* **ASSIGNMENT**: In the records below, repeat exactly the lines between the line holding "Canada Day decorations in Toronto" and the line holding "Expedition with Steve", inclusive, and drop the pictures.

* **SUPPLIED RECORDS**:
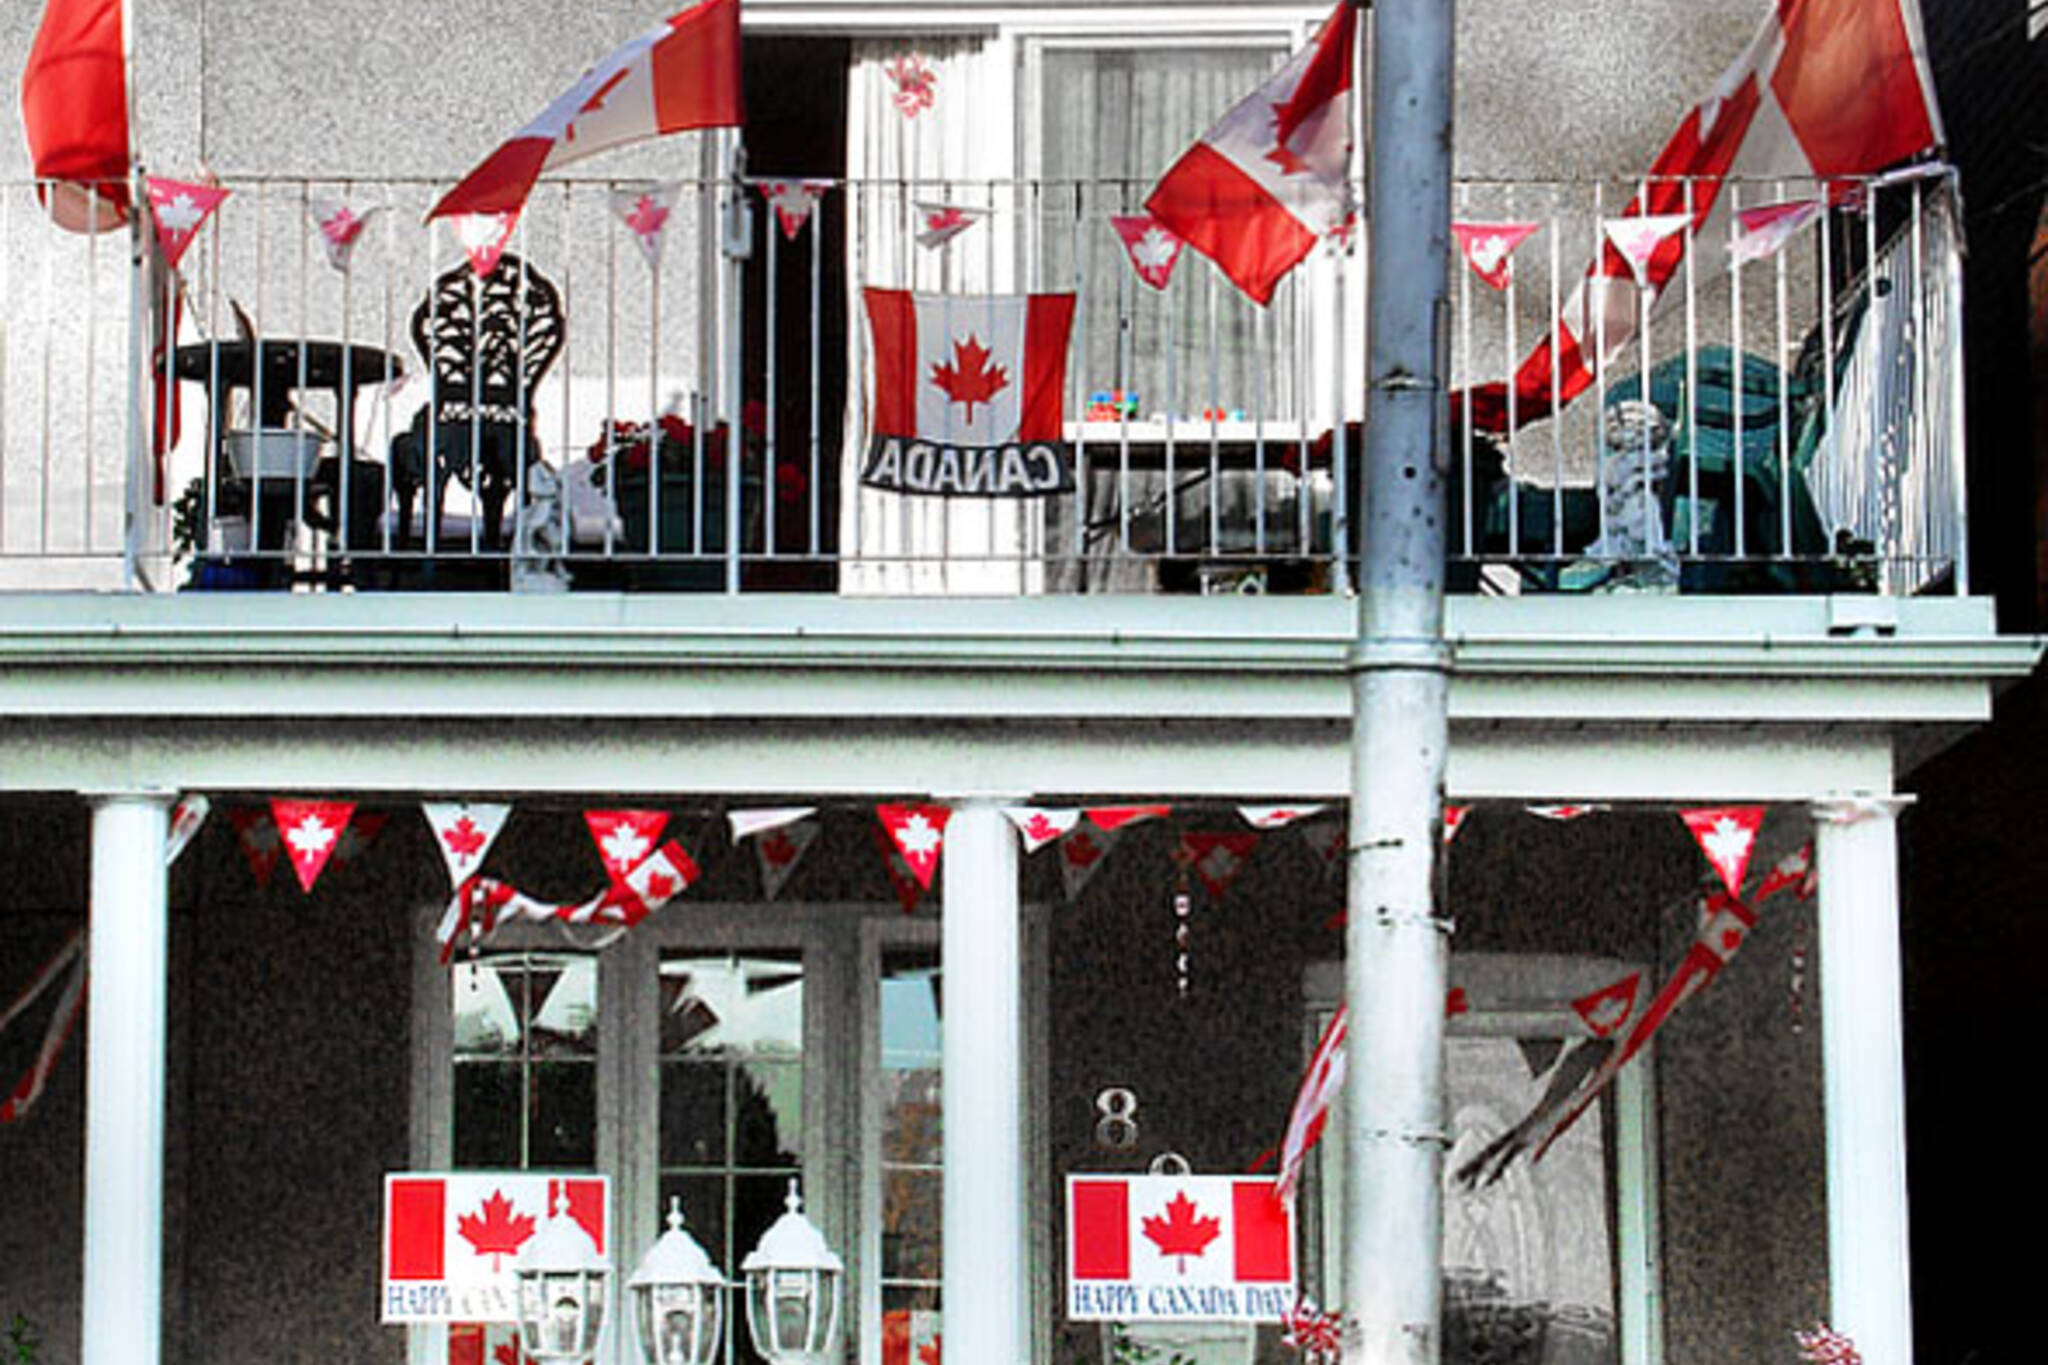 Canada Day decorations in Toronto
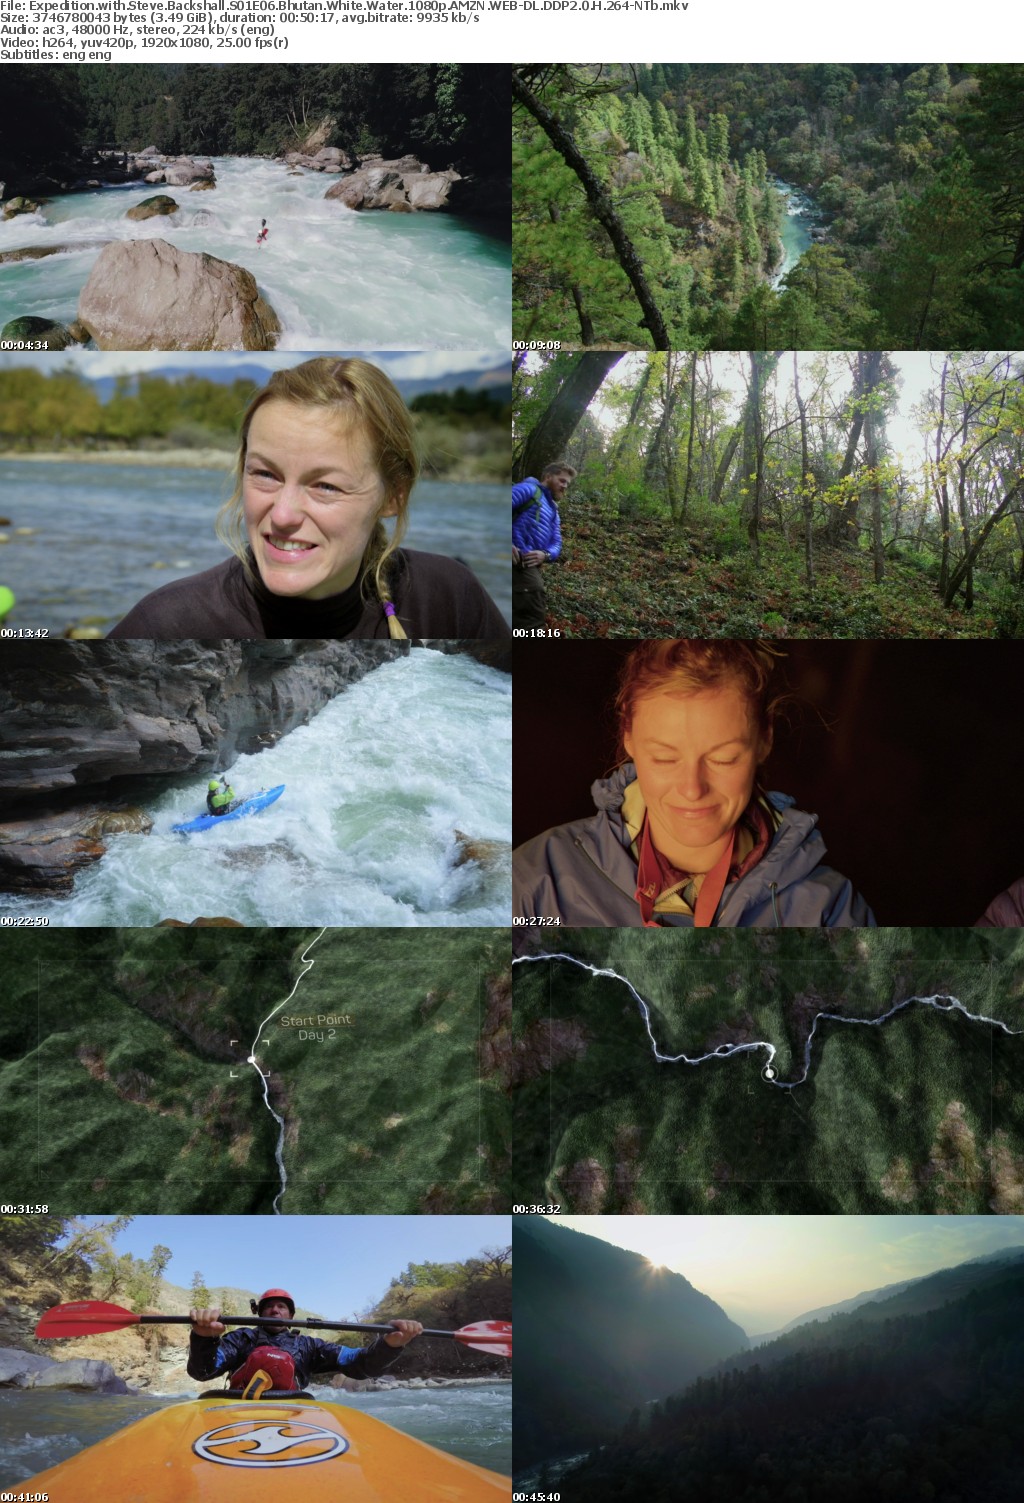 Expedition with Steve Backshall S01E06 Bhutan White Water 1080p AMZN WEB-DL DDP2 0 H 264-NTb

---

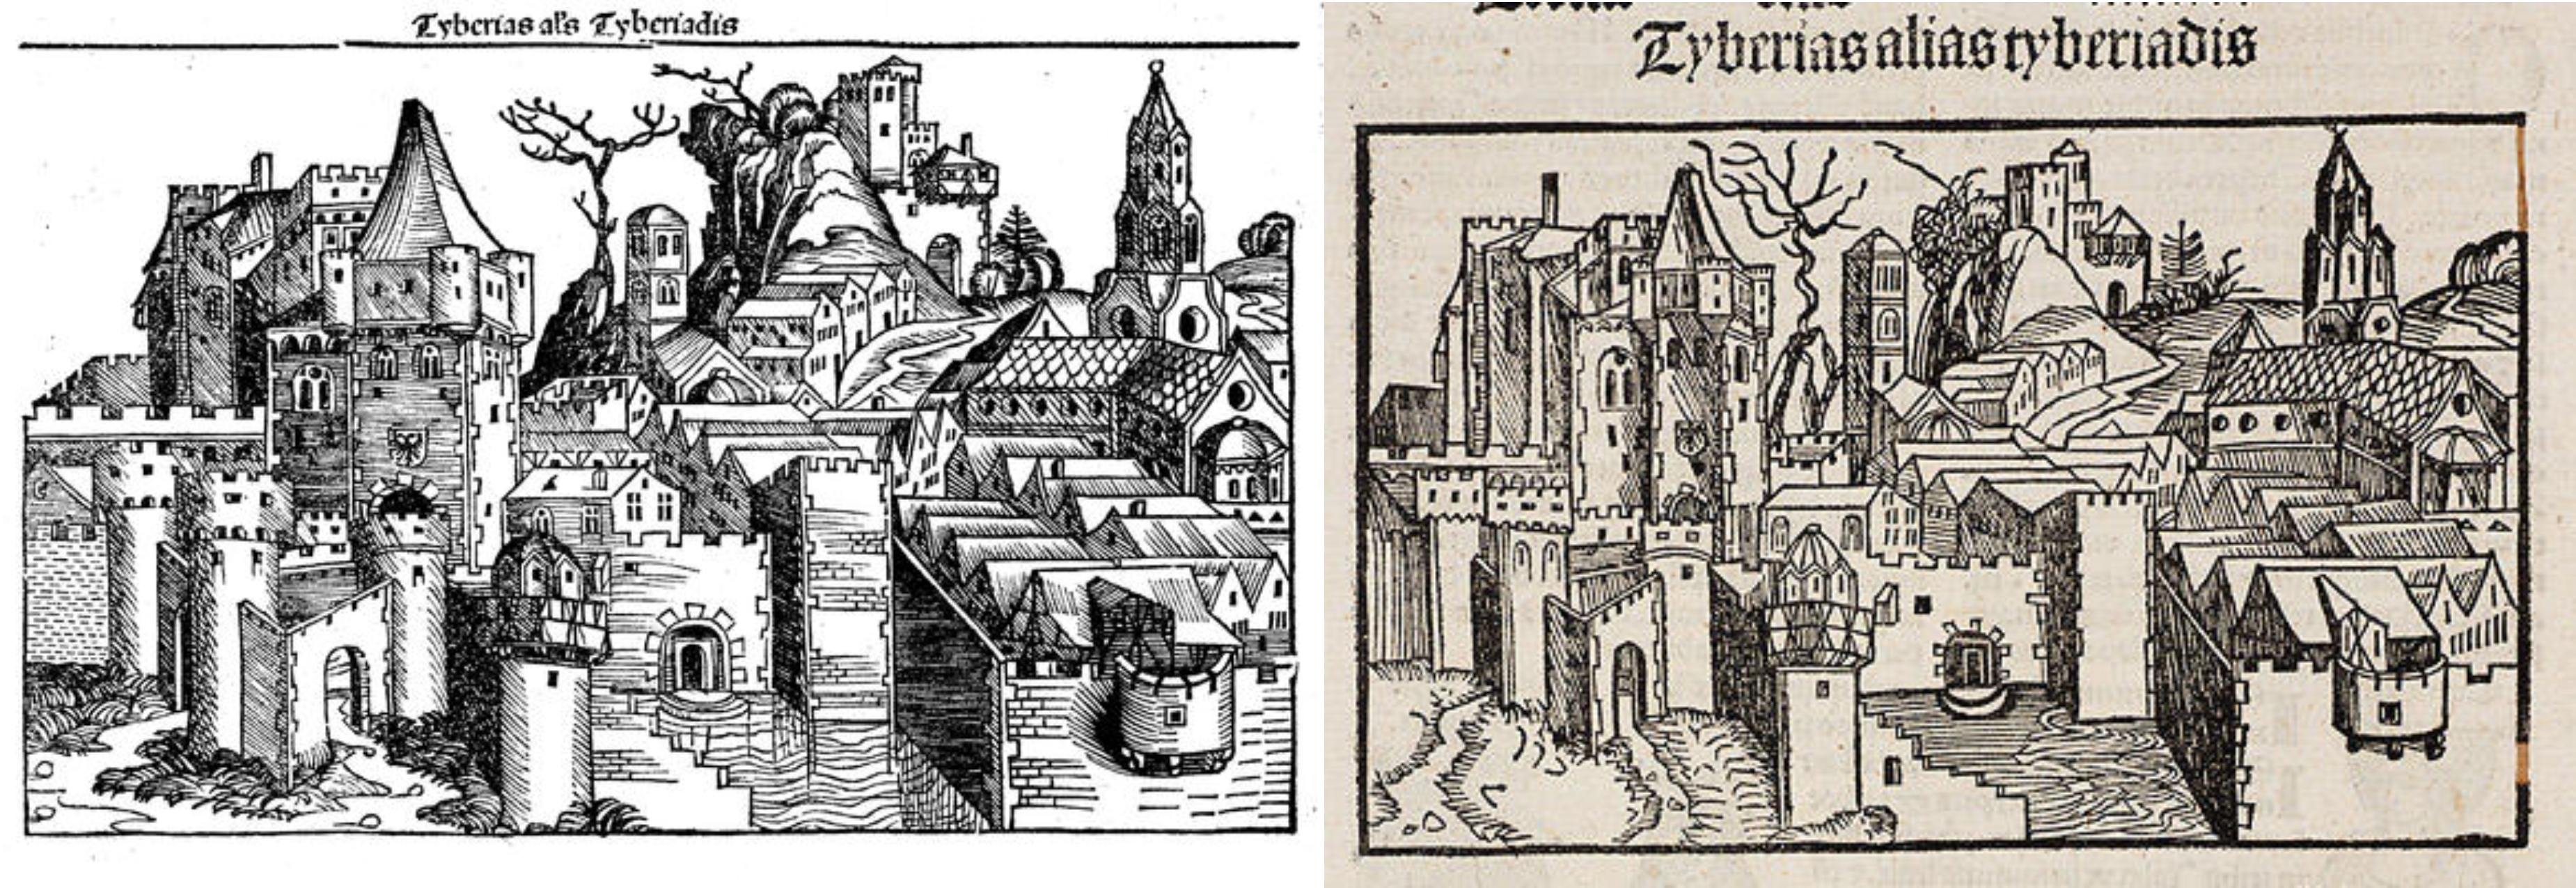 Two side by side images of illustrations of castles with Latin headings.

* **RESPONSE BELOW**:
 Canada Day decorations in Toronto
 Expedition with Steve Backshall S01E06 Bhutan White Water 1080p AMZN WEB-DL DDP2 0 H 264-NTb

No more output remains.